Information supplied:
▼▼▼
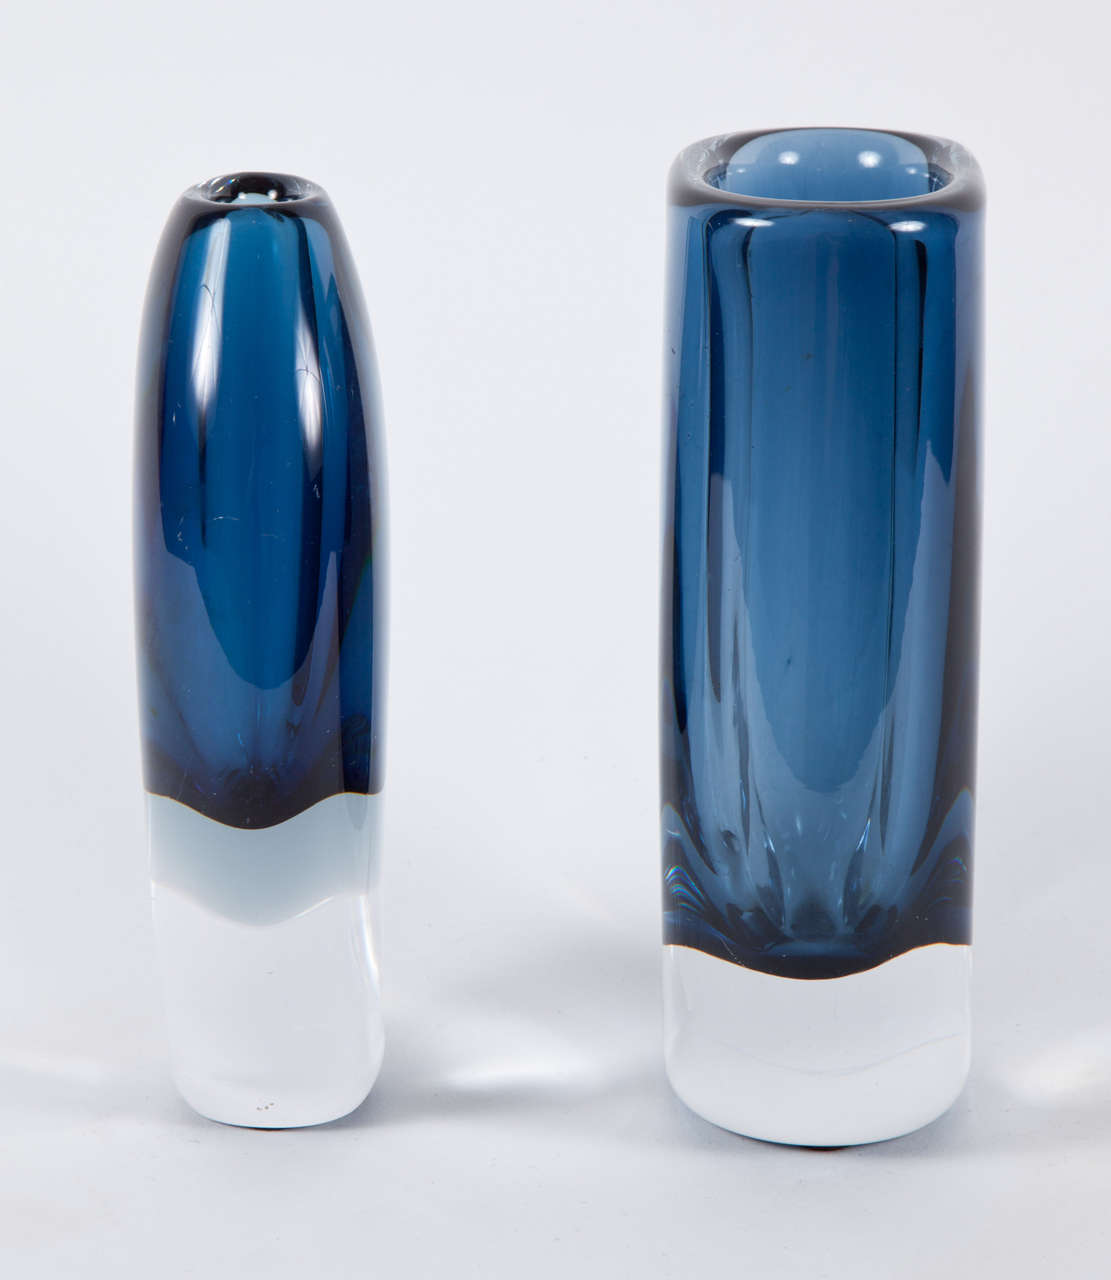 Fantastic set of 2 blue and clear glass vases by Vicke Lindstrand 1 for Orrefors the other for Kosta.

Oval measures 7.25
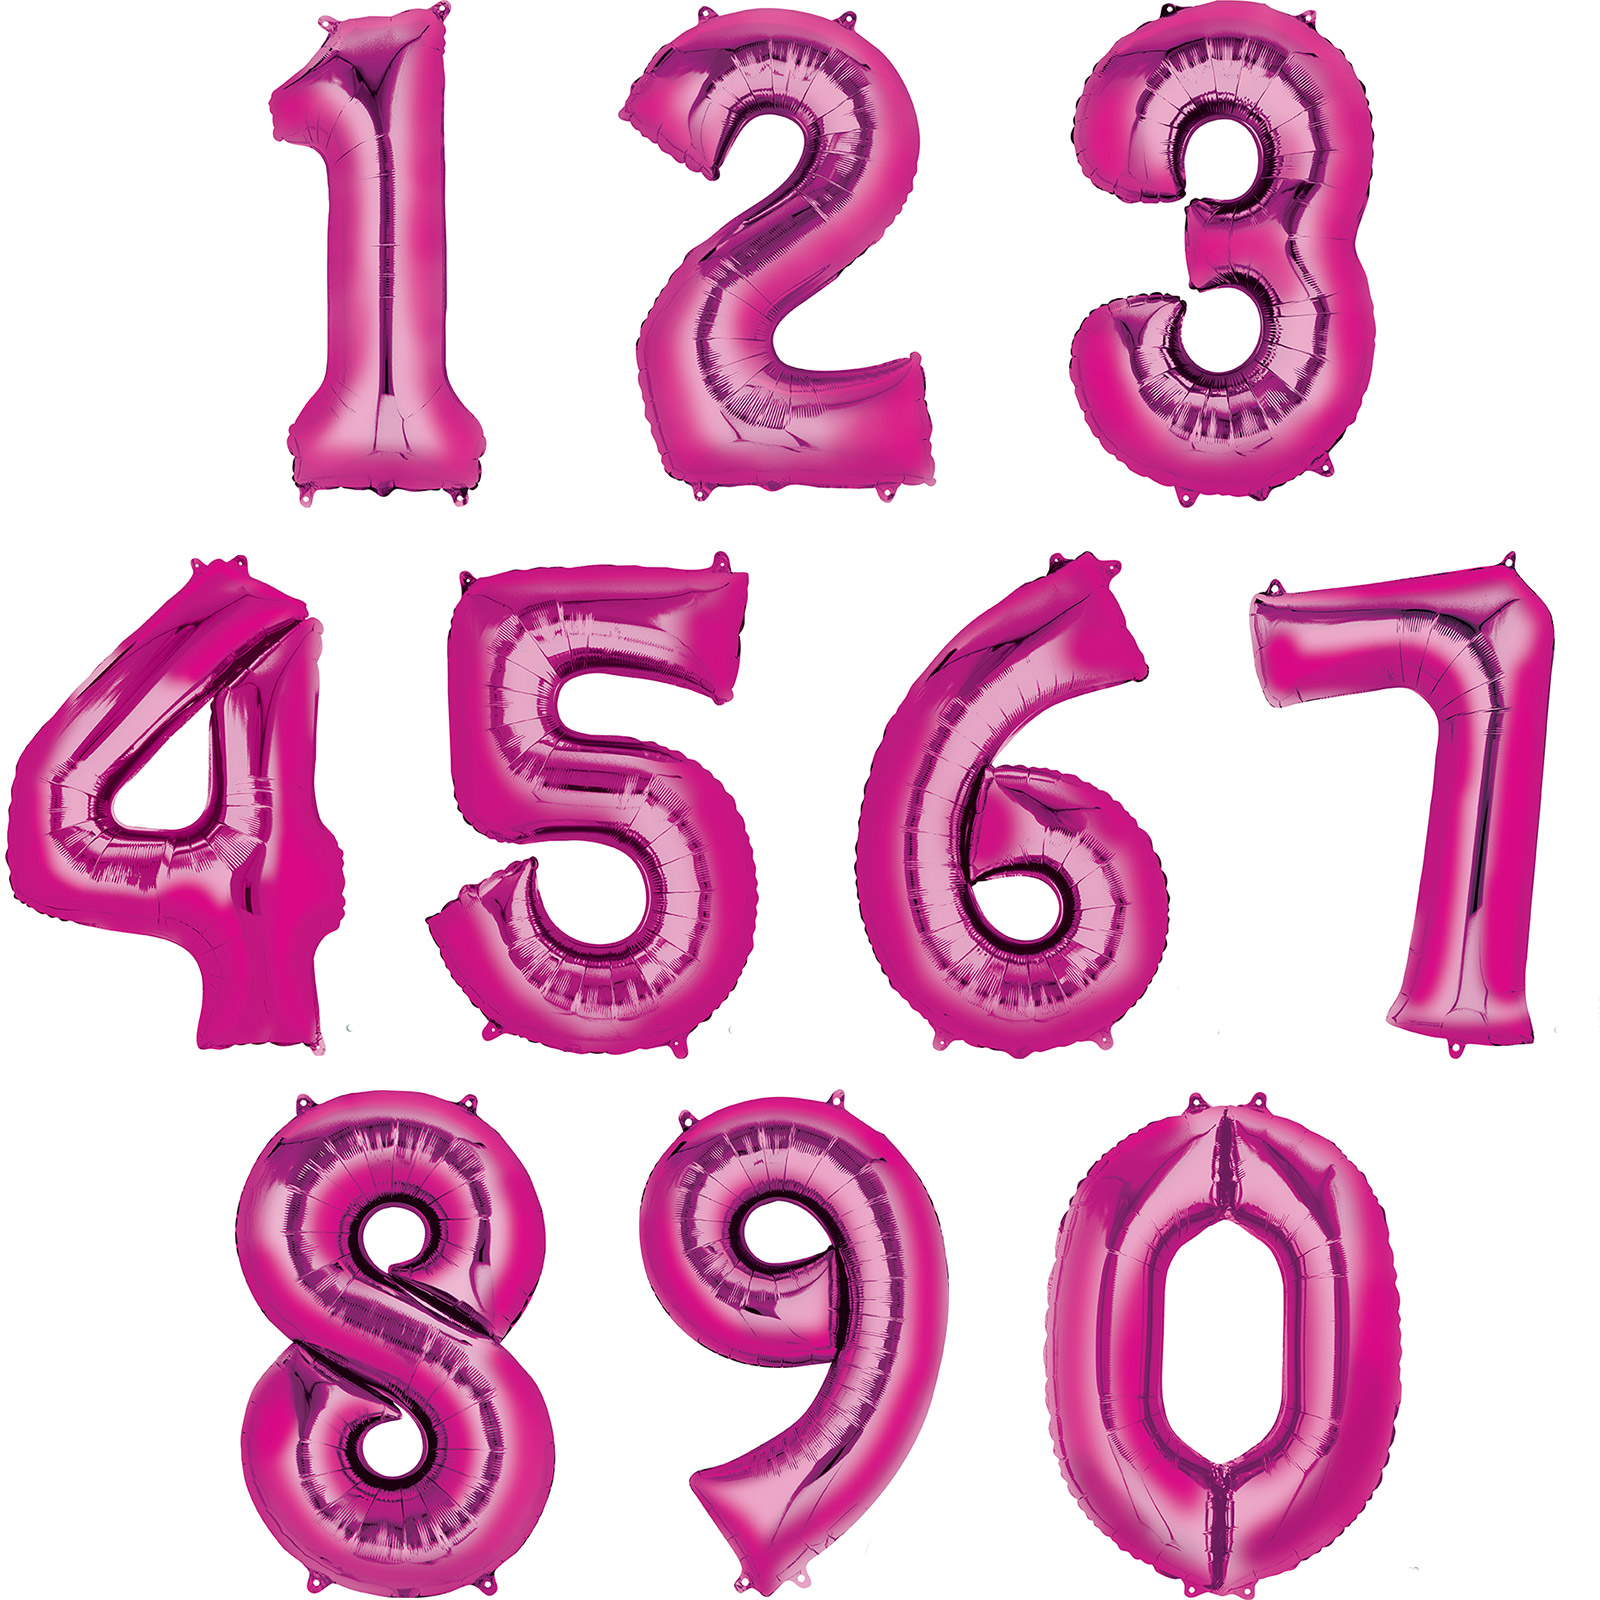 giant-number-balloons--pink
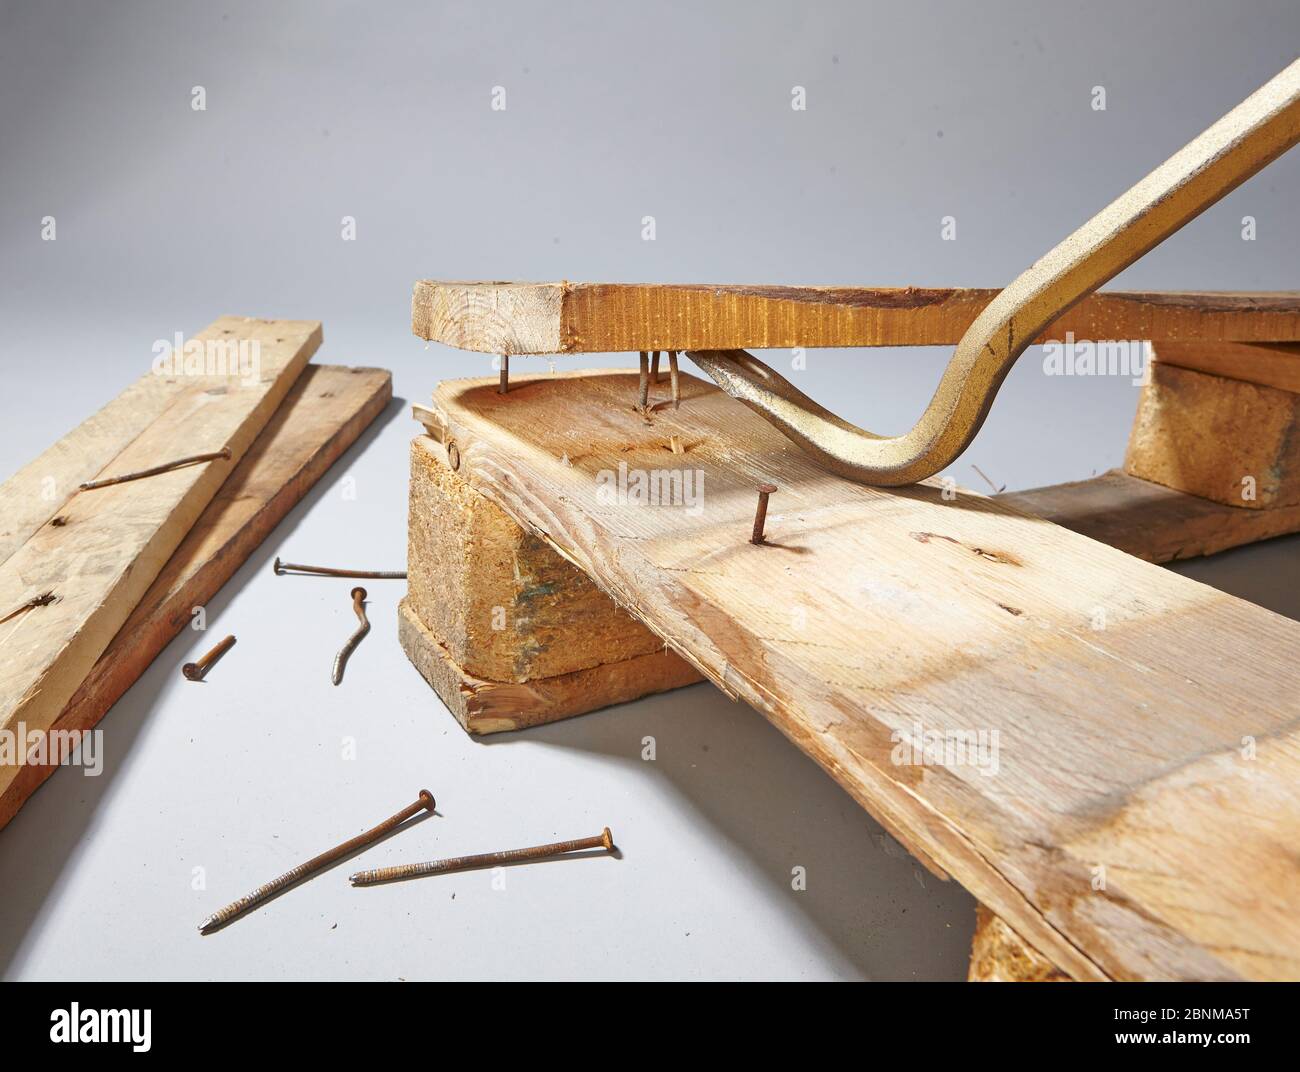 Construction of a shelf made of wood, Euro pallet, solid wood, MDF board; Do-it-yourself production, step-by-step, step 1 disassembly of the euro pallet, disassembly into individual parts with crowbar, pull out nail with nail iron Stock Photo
▲▲▲
Try it:
What is needed is a verbatim copy of the material, minus its pictures.

Solution below:
 Fantastic set of 2 blue and clear glass vases by Vicke Lindstrand 1 for Orrefors the other for Kosta.

Oval measures 7.25
 giant-number-balloons--pink
 Construction of a shelf made of wood, Euro pallet, solid wood, MDF board; Do-it-yourself production, step-by-step, step 1 disassembly of the euro pallet, disassembly into individual parts with crowbar, pull out nail with nail iron Stock Photo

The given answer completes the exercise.